# Activity
Go through the data below and copy it exactly, skipping every picture.

# The data
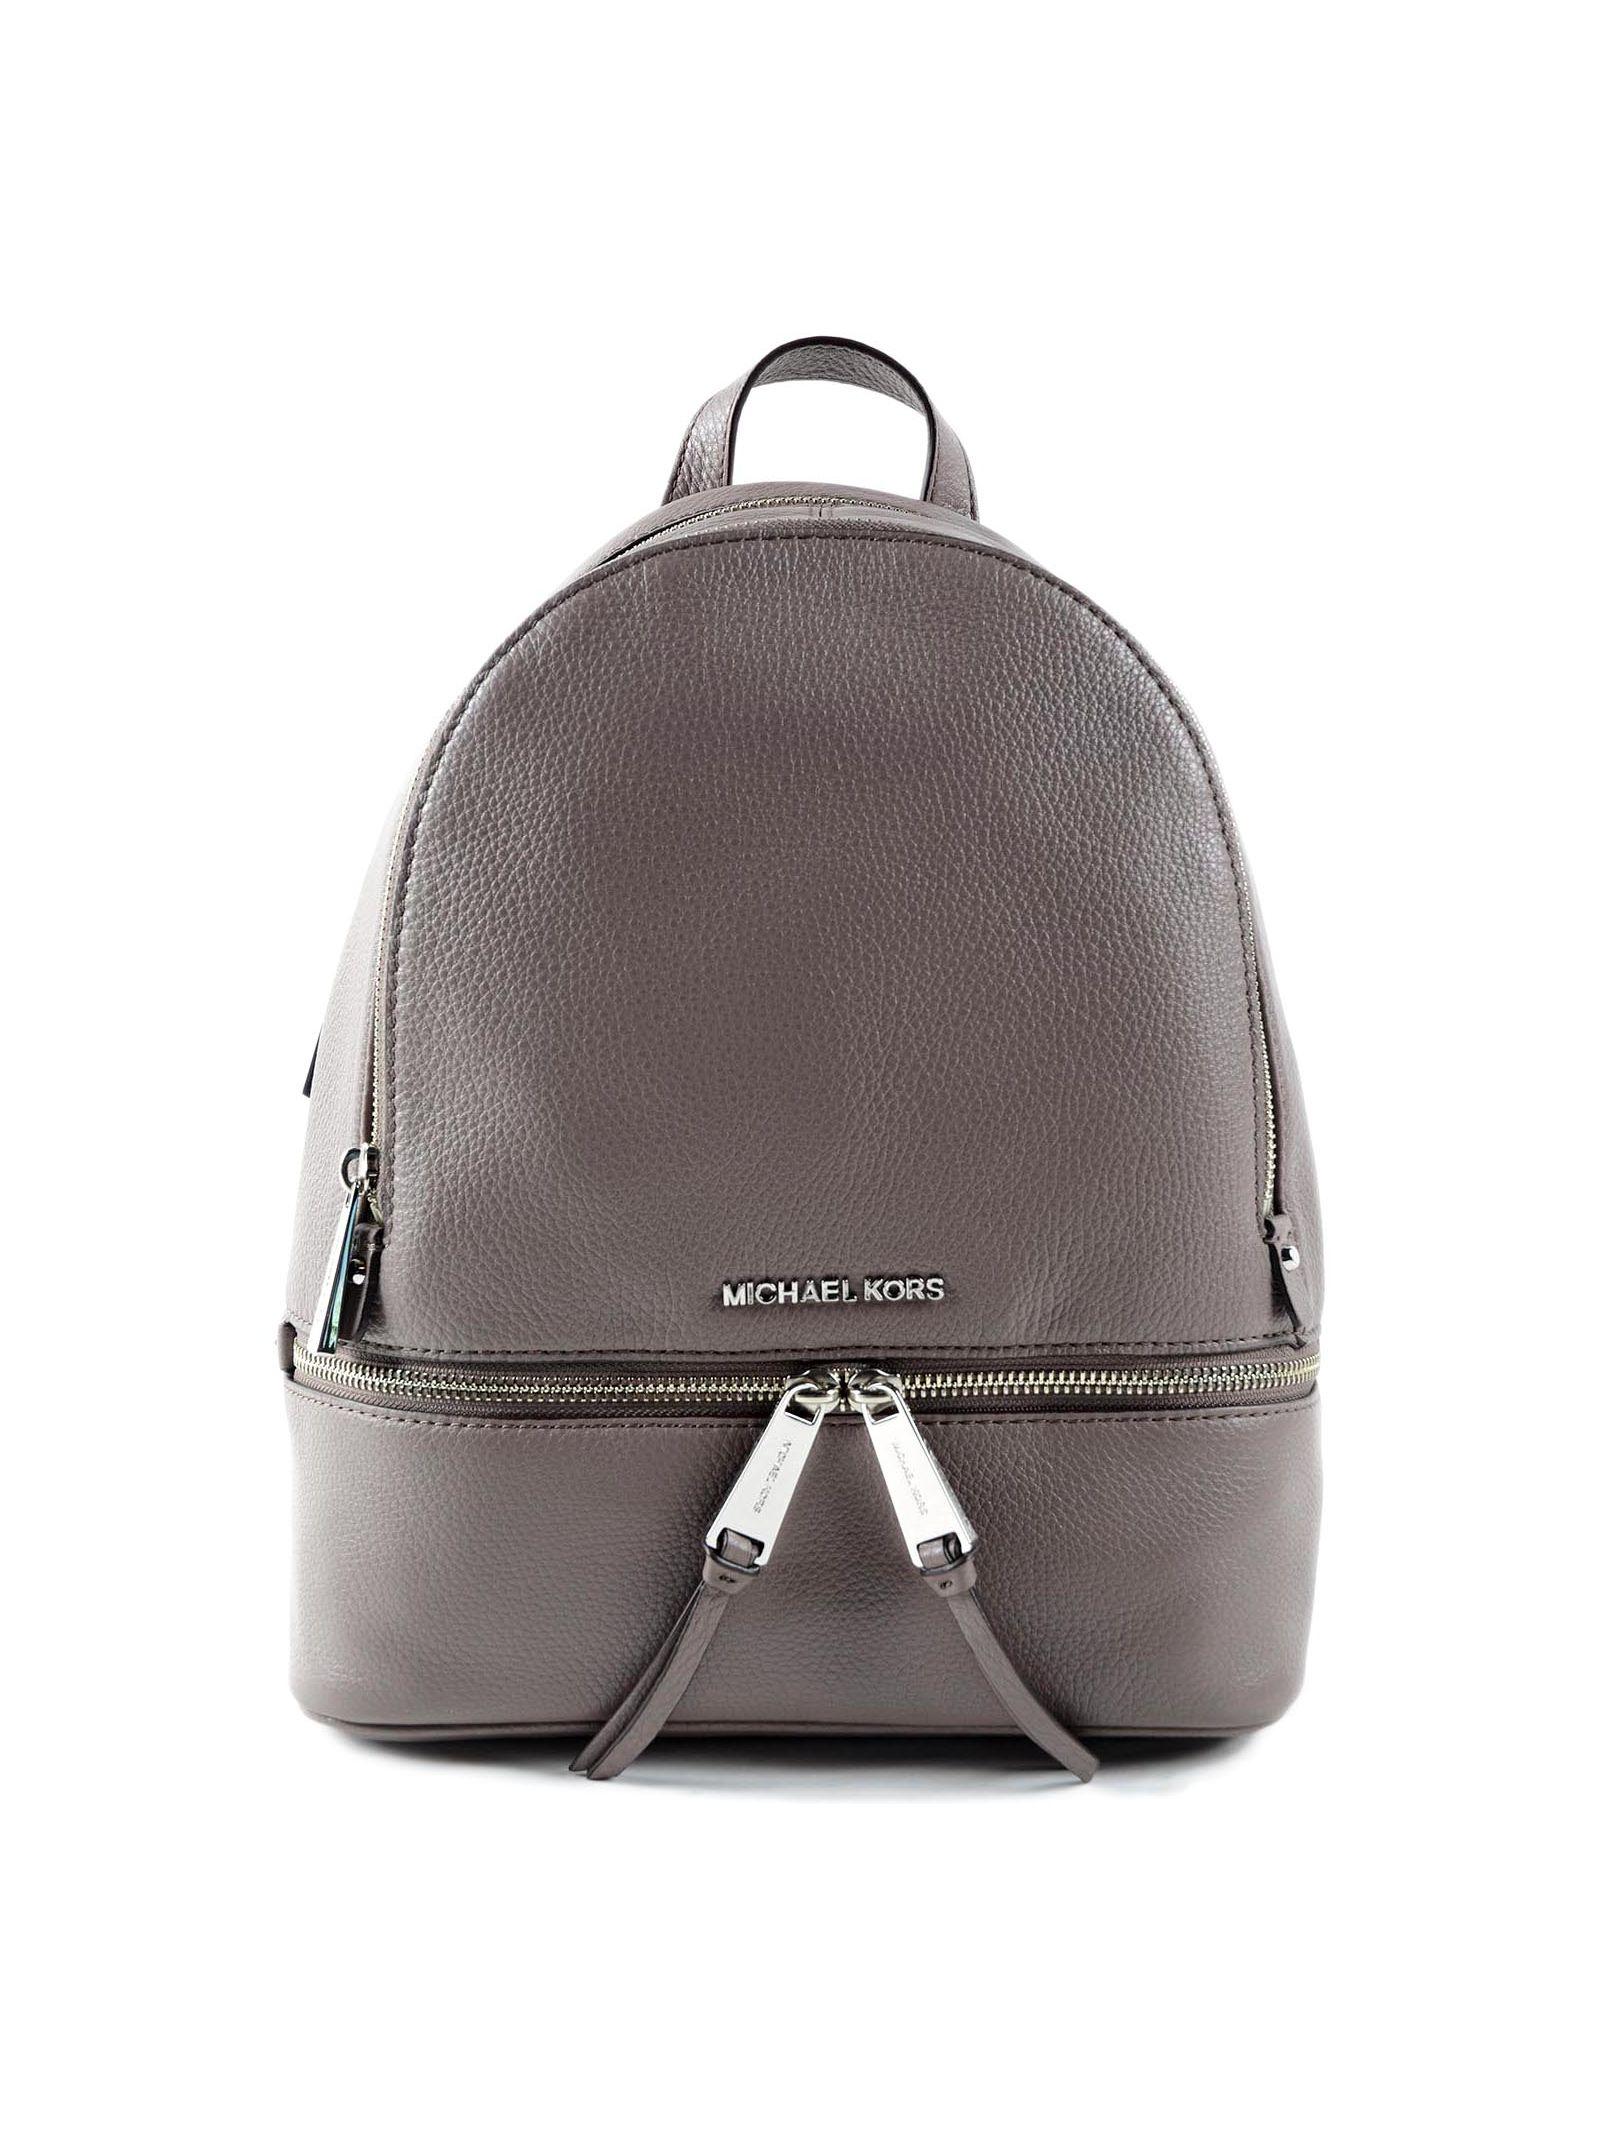 michael kors female michael kors rhea zip md backpack
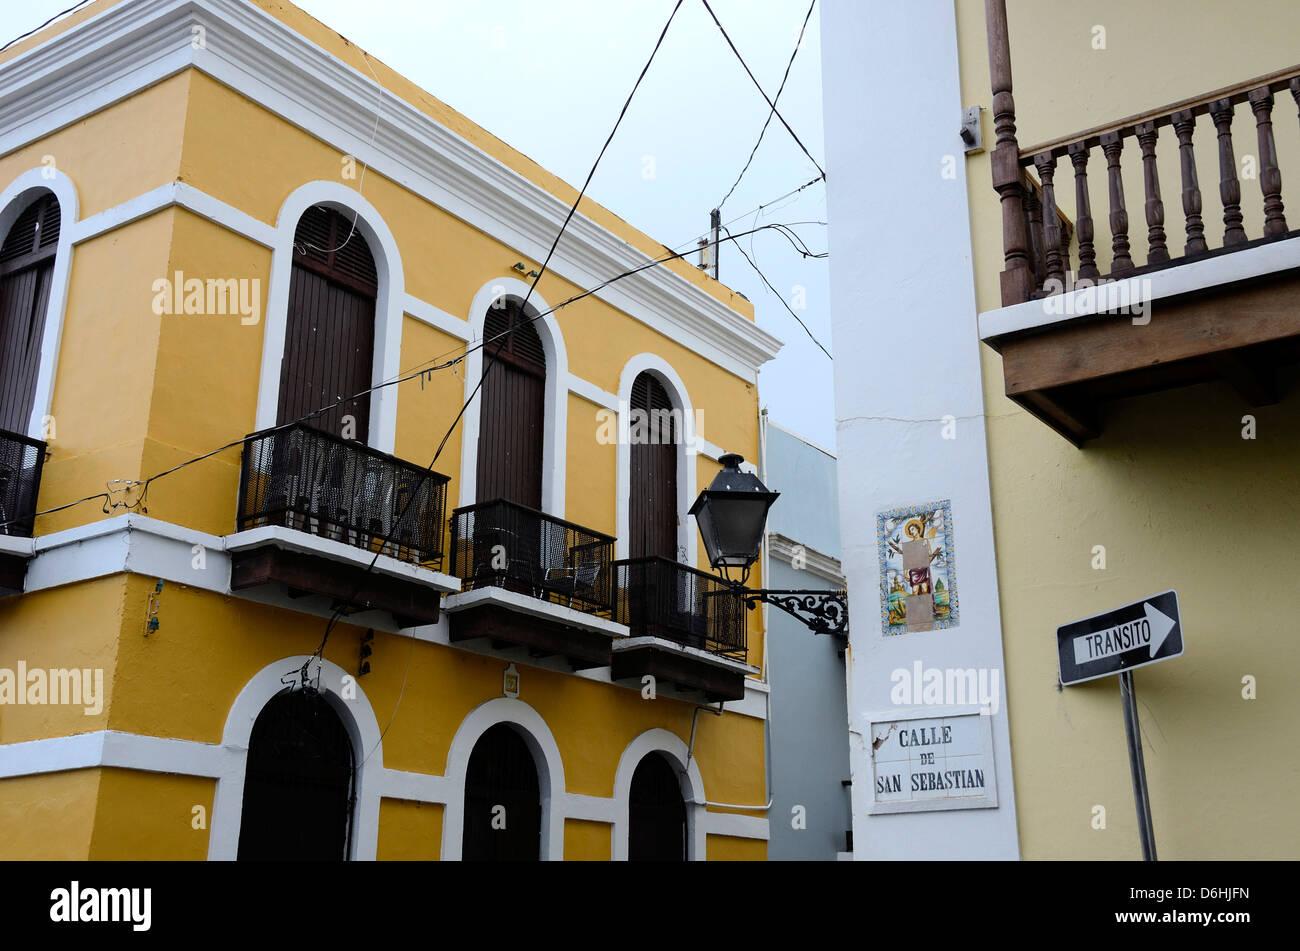 Yellow building in Old San Juan, Puerto Rico - Stock Image
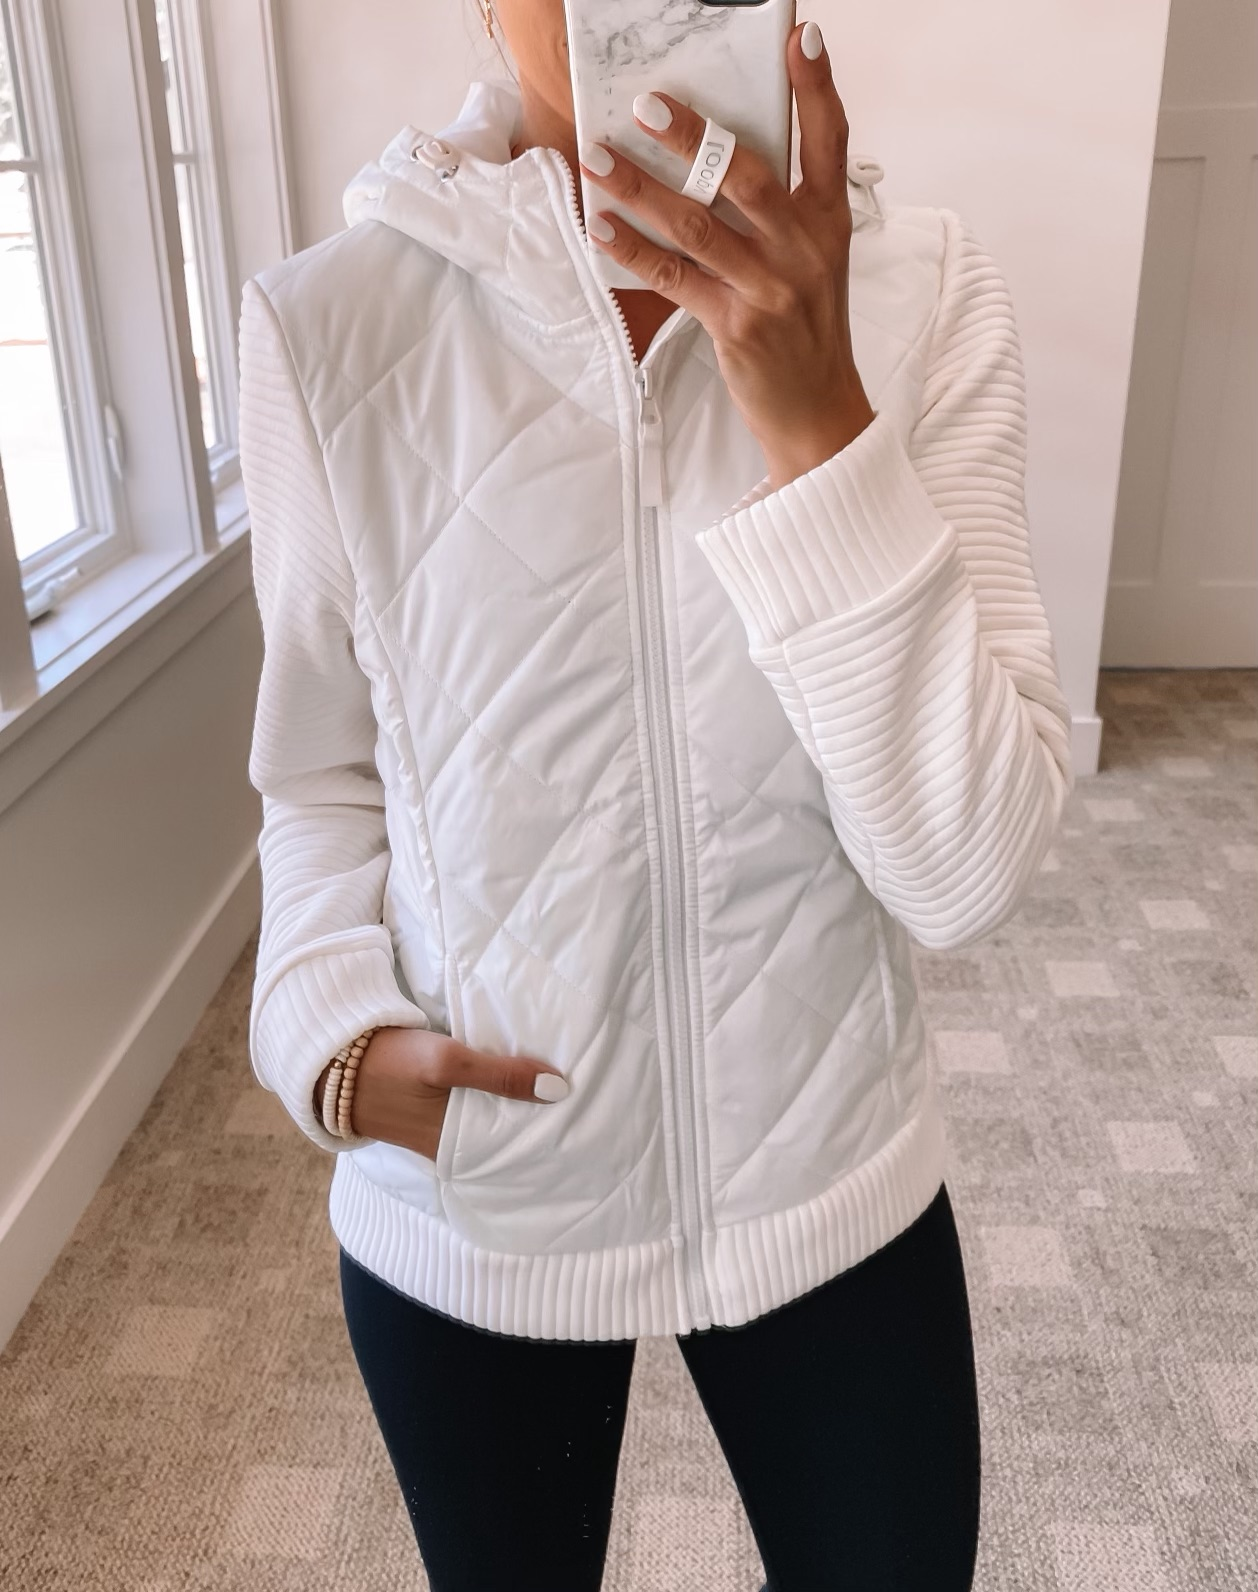 wallmart fall fashion, walmart quilted jacket
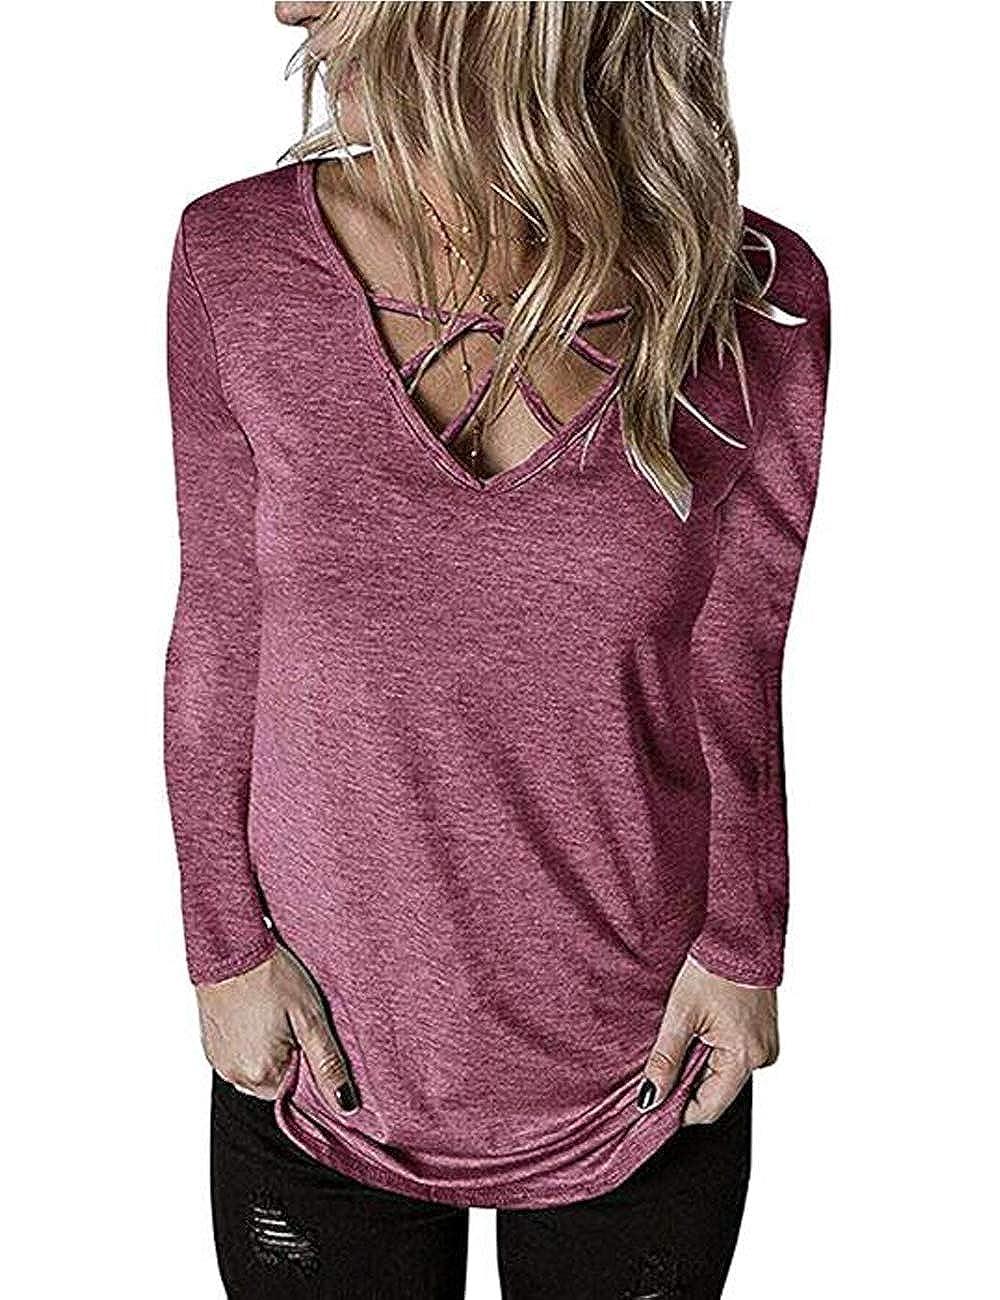 Halife Womens Casual V Neck T-Shirt Criss Cross Long Sleeve Tunic Top Blouses

# Result for this task
 michael kors female michael kors rhea zip md backpack
 Yellow building in Old San Juan, Puerto Rico - Stock Image
 wallmart fall fashion, walmart quilted jacket
 Halife Womens Casual V Neck T-Shirt Criss Cross Long Sleeve Tunic Top Blouses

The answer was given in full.